Navarro N, Maga AM. 2016. Does 3D Phenotyping Yield Substantial Insights in the 
Genetics of the Mouse Mandible Shape? G3: Genes, Genomes, Genetics 6:1153–1163.


-Original Message-
From: Mike Collyer [mailto:mlcoll...@gmail.com] 
Sent: Wednesday, May 31, 2017 7:43 AM
To: Lea Wolter 
Cc: MORPHMET 
Subject: Re: [MORPHMET] number of landmarks and sample size

Dear Lea,

I see others have responded to your inquiry, already.  I thought I would add an 
additional perspective.

Your question about statistical significance requires asking a follow-up 
question.  What statistical methods would you intend to use to evaluate 
“significance”?  If you are worried about the number of landmarks, your concern 
suggests you might be using parametric test statistics frequently associated 
with MANOVA, like Wilks lambda or Pilai trace.  Indeed, when using these 
statistics and converting them to approximate F values, one must have many more 
specimens than landmarks (more error degrees of freedom than shape variables, 
to be more precise), if “significance” is to be inferred from probabilities 
associated with F-distributions.  Therefore, limiting the number of landmarks 
might be a goal.

When using resampling procedures to conduct ANOVA, using fewer landmarks can 
paradoxically decrease effect sizes, as an overly simplified definition of 
shape becomes implied.  We demonstrated this in our paper: Collyer, M.L., D.J. 
Sekora, and D.C. Adams. 2015. A method for analysis of phenotypic change for 
phenotypes described by high-dimensional data. Heredity. 115: 357-365.  This is 
consistent with Andrea’s comment about quality over quantity with the caveat 
that limited quantity precludes quality.  In other words, too few landmarks 
translates to limited ability to discern shape differences, because the shape 
compared is basic.  In the paper, we used two separate landmark configurations: 
one with few landmarks and the other with the same landmarks plus sliding 
semilandmarks between fixed points, on different populations of fish.  We found 
that adding the semilandmarks increased the effect size for population 
differences and sexual dimorphism.  But if we constrained our analyses to 
parametric MANOVA for our small samples, we would have to use the simpler 
landmark configurations and live with the results.

I do not wish to suggest that adding more landmarks is better.  Overkill is 
certainly a concern.  I would suggest though that statistical power would be 
for me less of a concern than a proper characterization of the shape I wish to 
compare among samples.  If I suspect curvature is important but am afraid to 
use (semi)landmarks that would allow me to assess the curvature differences 
among groups, opting instead to use just the endpoints of a structure because I 
am worried about statistical power, then I just allowed a statistical procedure 
to take me away from the biologically relevant question I sought to address.  
Andrea is correct that quality is better than quantity, but quantity can be a 
burden in either direction (too few or too many).  Additionally, statistical 
power will vary among statistical methods.  Reconsidering methods might be as 
important as reconsidering landmarks configurations.

Regards!
Mike



> On May 4, 2017, at 5:19 AM, Lea Wolter  wrote:
> 
> Hello everyone,
> 
> I am new in the field of geometric morphometrics and have a question for my 
> bachelor thesis.
> 
> I am not sure how many landmarks I should use at most in regard to the sample 
> size.

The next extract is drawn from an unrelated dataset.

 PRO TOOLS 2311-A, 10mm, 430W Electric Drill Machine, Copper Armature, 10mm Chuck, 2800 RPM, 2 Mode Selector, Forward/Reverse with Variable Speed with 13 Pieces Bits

I have a sample of about 22 individuals per population or maybe a bit 
> less (using sternum and epigyne of spiders) with 5 populations. 
> I have read a paper in which they use 18 landmarks with an even lower sample 
> size (3 populations with 20 individuals, 1 with 10). But I have also heard 
> that I should use twice as much individuals per population as land marks... 
> 
> Maybe there is some mathematical formula for it to know if it would be 
> statistically significant? Could you recommend some paper?
> 
> Because of the symmetry of the epigyne I am now thinking of using just one 
> half of it for setting landmarks (so I get 5 instead of 9 landmarks). For the 
> sternum I thought about 7 or 9 landmarks, so at most I would also get 18 
> landmarks like in the paper. 
> 
> I would also like to use two type specimens in the analysis, but I have just 
> this one individual per population... would it be totally nonesens in a 
> statistical point of view?
> 
> Thanks very much for your help!
> 
> Best regards
> Lea
> 
> -- 
> MORPHMET may be accessed via its webpage at 

Re: [MORPHMET] number of landmarks and sample size

2017-05-31 Thread Mike Collyer
Dear Lea,

I see others have responded to your inquiry, already.  I thought I would add an 
additional perspective.

Your question about statistical significance requires asking a follow-up 
question.  What statistical methods would you intend to use to evaluate 
“significance”?  If you are worried about the number of landmarks, your concern 
suggests you might be using parametric test statistics frequently associated 
with MANOVA, like Wilks lambda or Pilai trace.  Indeed, when using these 
statistics and converting them to approximate F values, one must have many more 
specimens than landmarks (more error degrees of freedom than shape variables, 
to be more precise), if “significance” is to be inferred from probabilities 
associated with F-distributions.  Therefore, limiting the number of landmarks 
might be a goal.

When using resampling procedures to conduct ANOVA, using fewer landmarks can 
paradoxically decrease effect sizes, as an overly simplified definition of 
shape becomes implied.  We demonstrated this in our paper: Collyer, M.L., D.J. 
Sekora, and D.C. Adams. 2015. A method for analysis of phenotypic change for 
phenotypes described by high-dimensional data. Heredity. 115: 357-365.  This is 
consistent with Andrea’s comment about quality over quantity with the caveat 
that limited quantity precludes quality.  In other words, too few landmarks 
translates to limited ability to discern shape differences, because the shape 
compared is basic.  In the paper, we used two separate landmark configurations: 
one with few landmarks and the other with the same landmarks plus sliding 
semilandmarks between fixed points, on different populations of fish.  We found 
that adding the semilandmarks increased the effect size for population 
differences and sexual dimorphism.  But if we constrained our analyses to 
parametric MANOVA for our small samples, we would have to use the simpler 
landmark configurations and live with the results.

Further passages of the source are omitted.